> [WHAT YOU NEED TO DO]: Your answer should hold exactly the lines below from the line with "nike toddler clothes" through the line with "Testosterone and libido", both included, and no pictures at all.

> [DATASET RECORDS]:
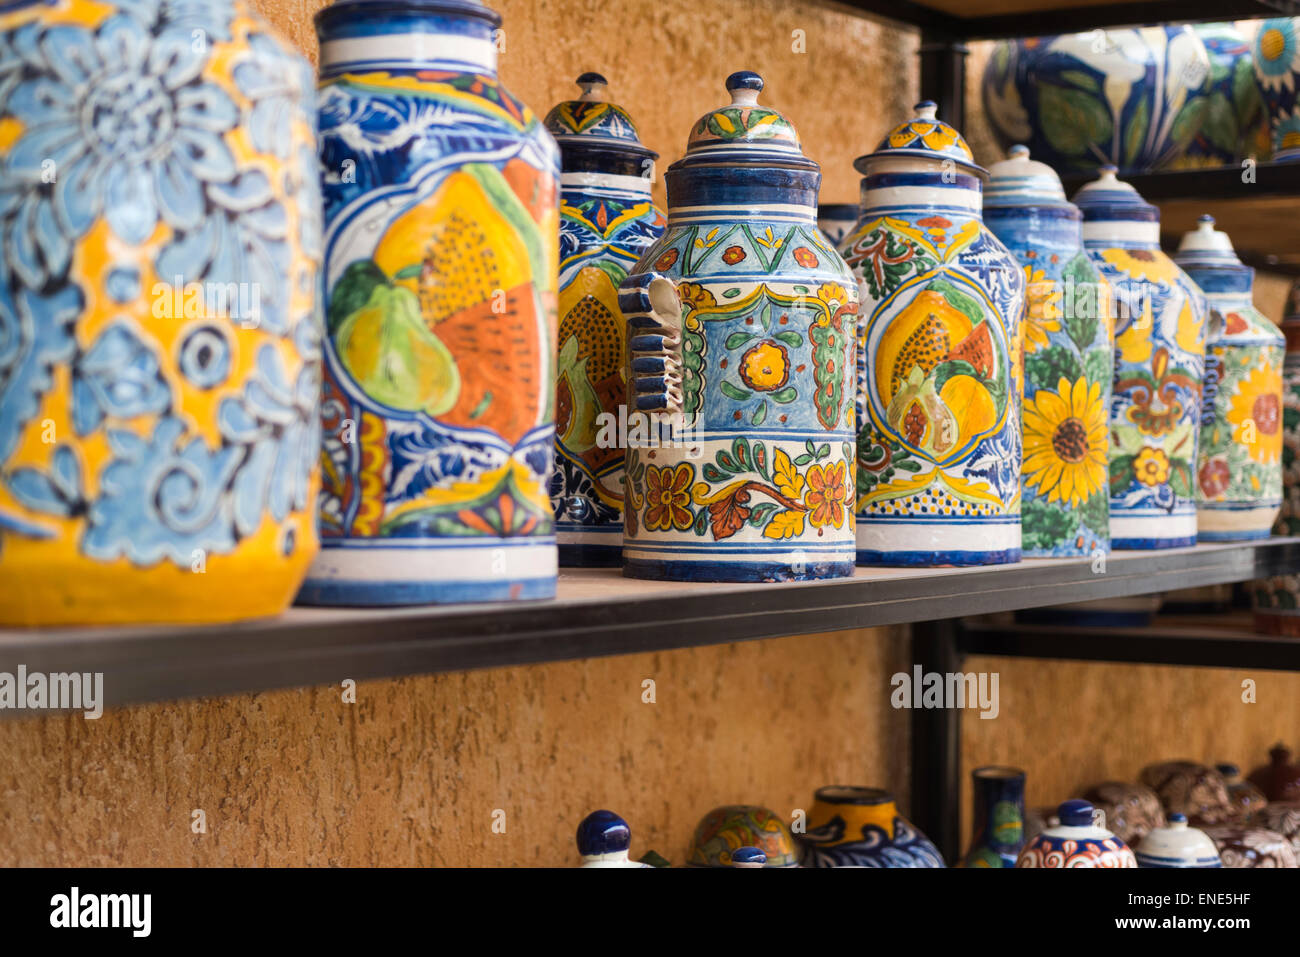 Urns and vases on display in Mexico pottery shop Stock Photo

--

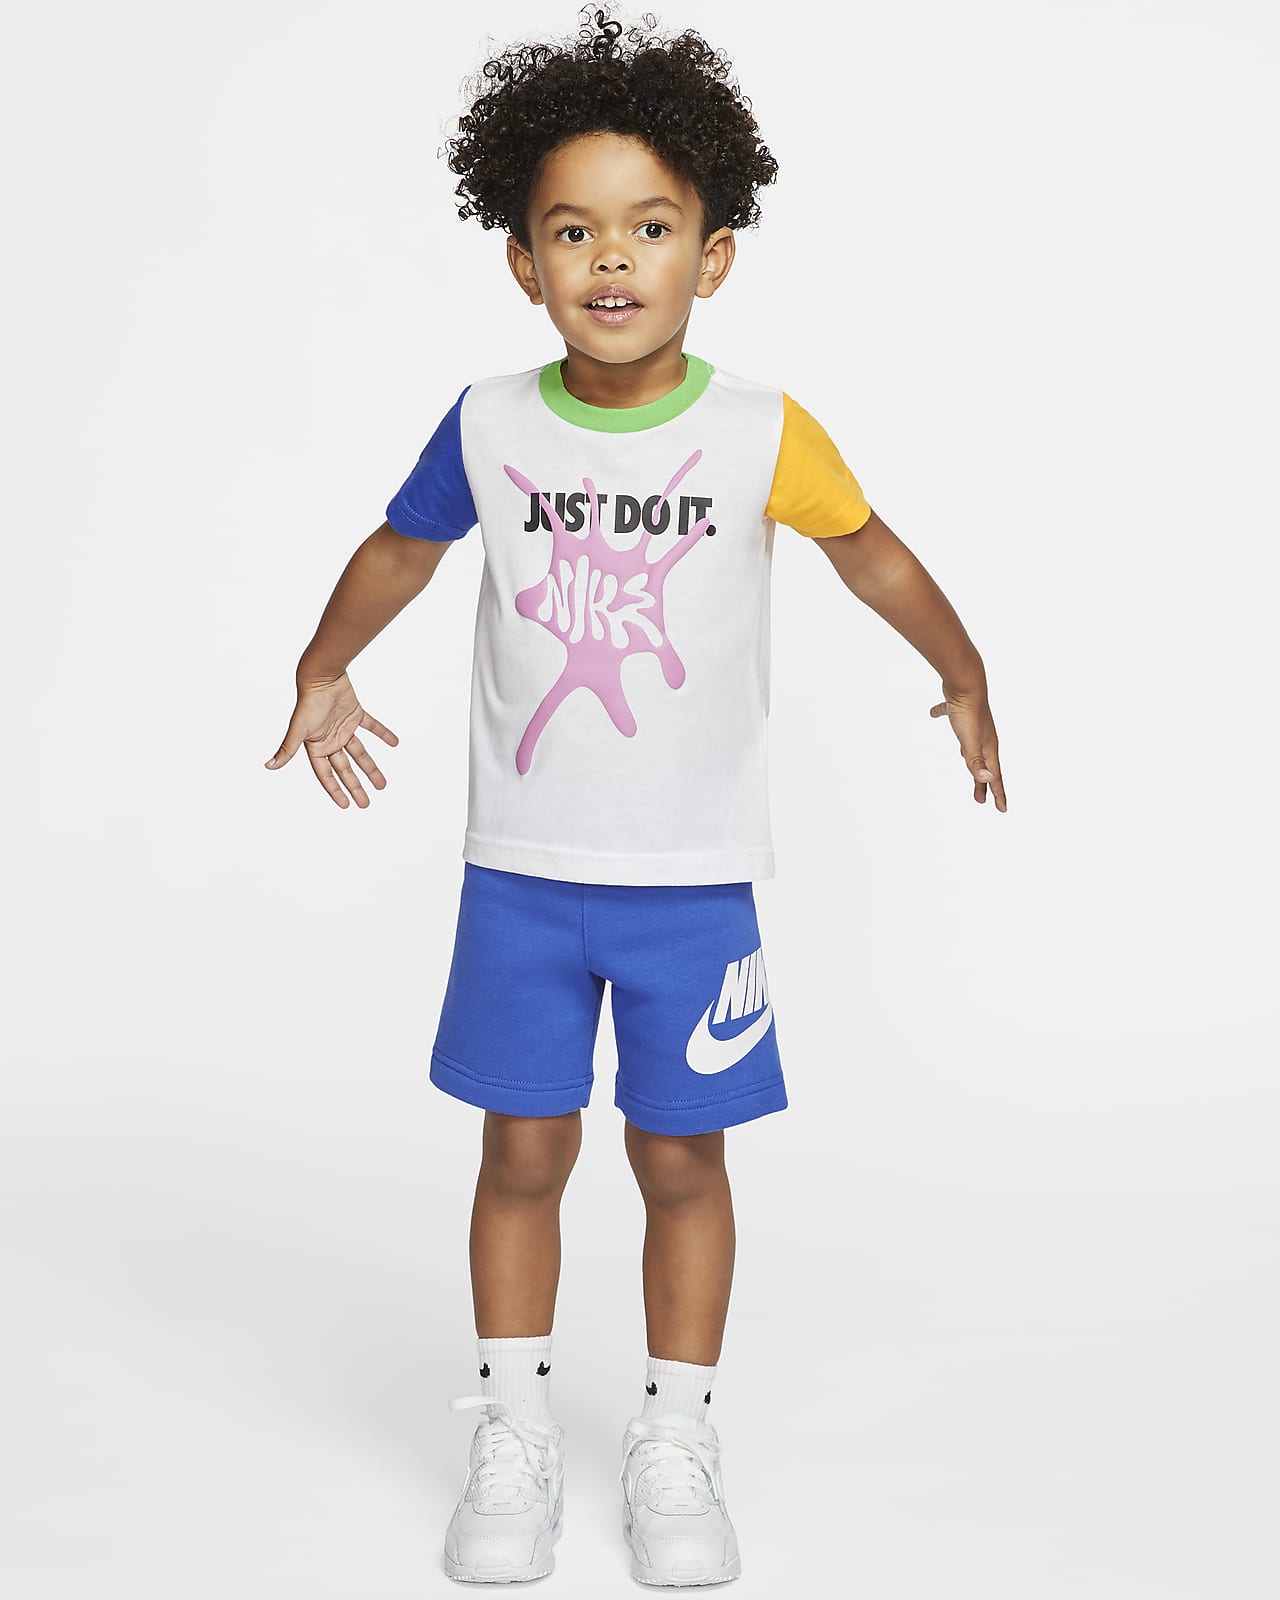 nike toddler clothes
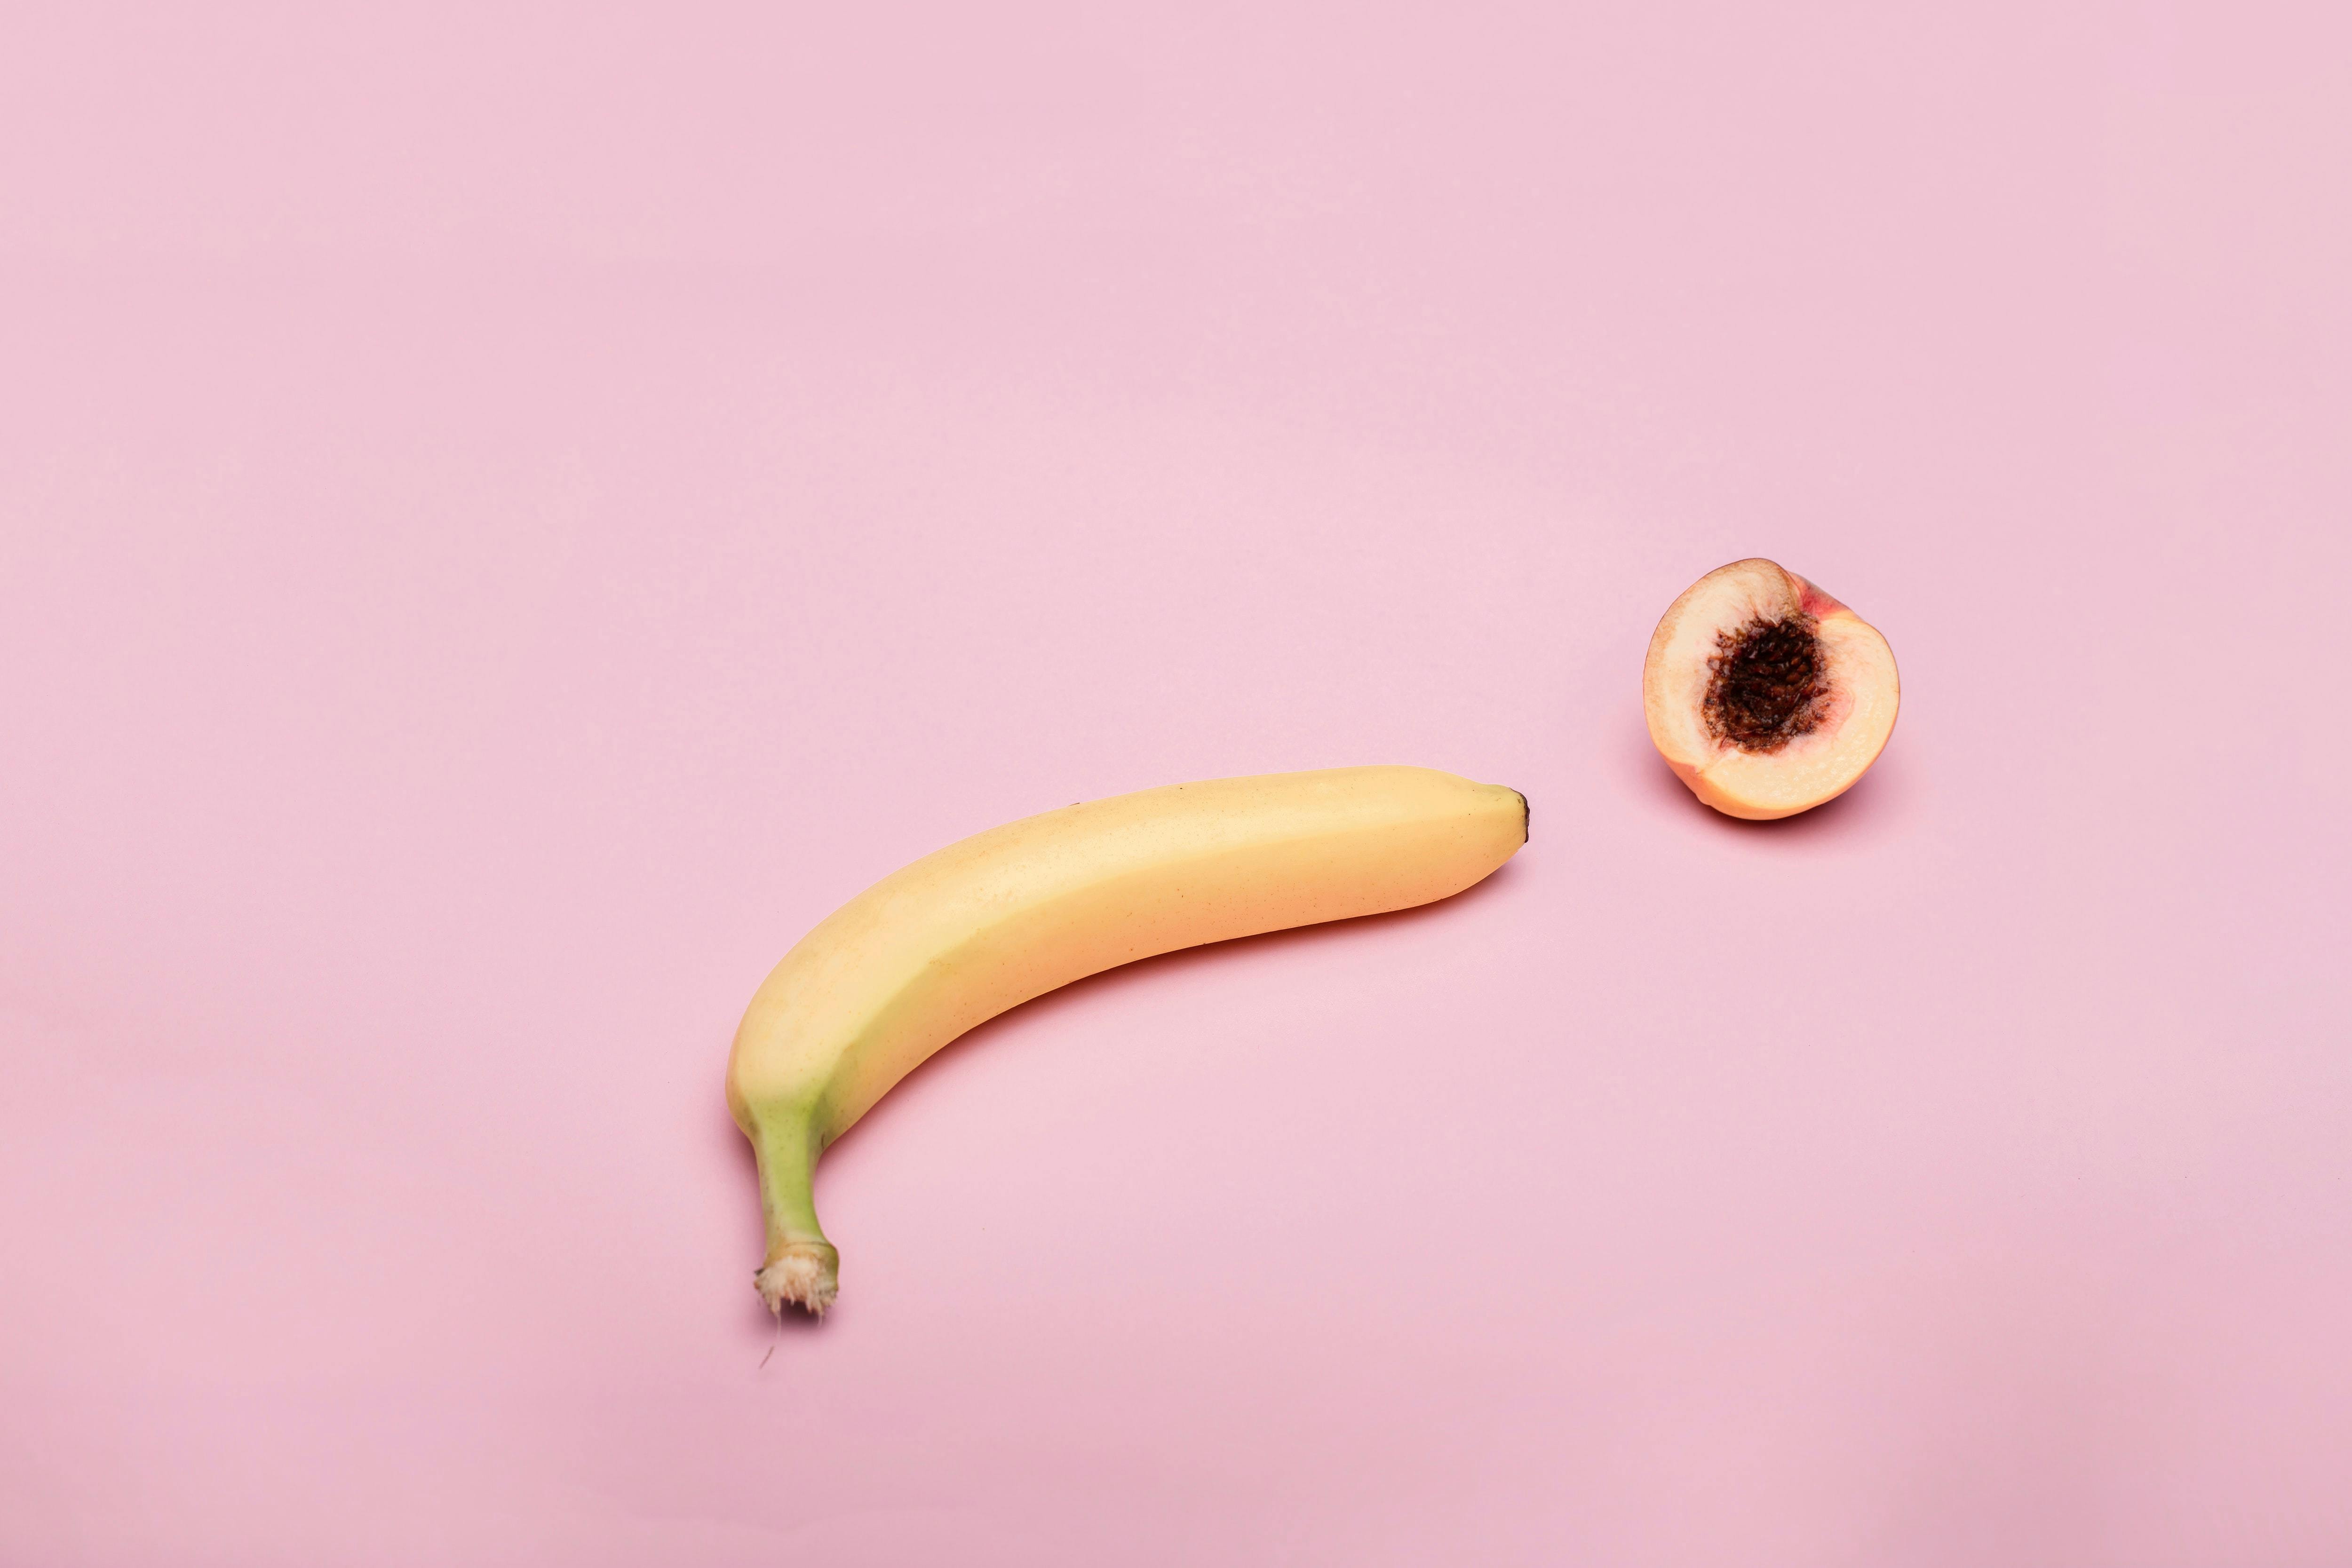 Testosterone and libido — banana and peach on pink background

> [WRITTEN SOLUTION]:
 nike toddler clothes
 Testosterone and libido — banana and peach on pink background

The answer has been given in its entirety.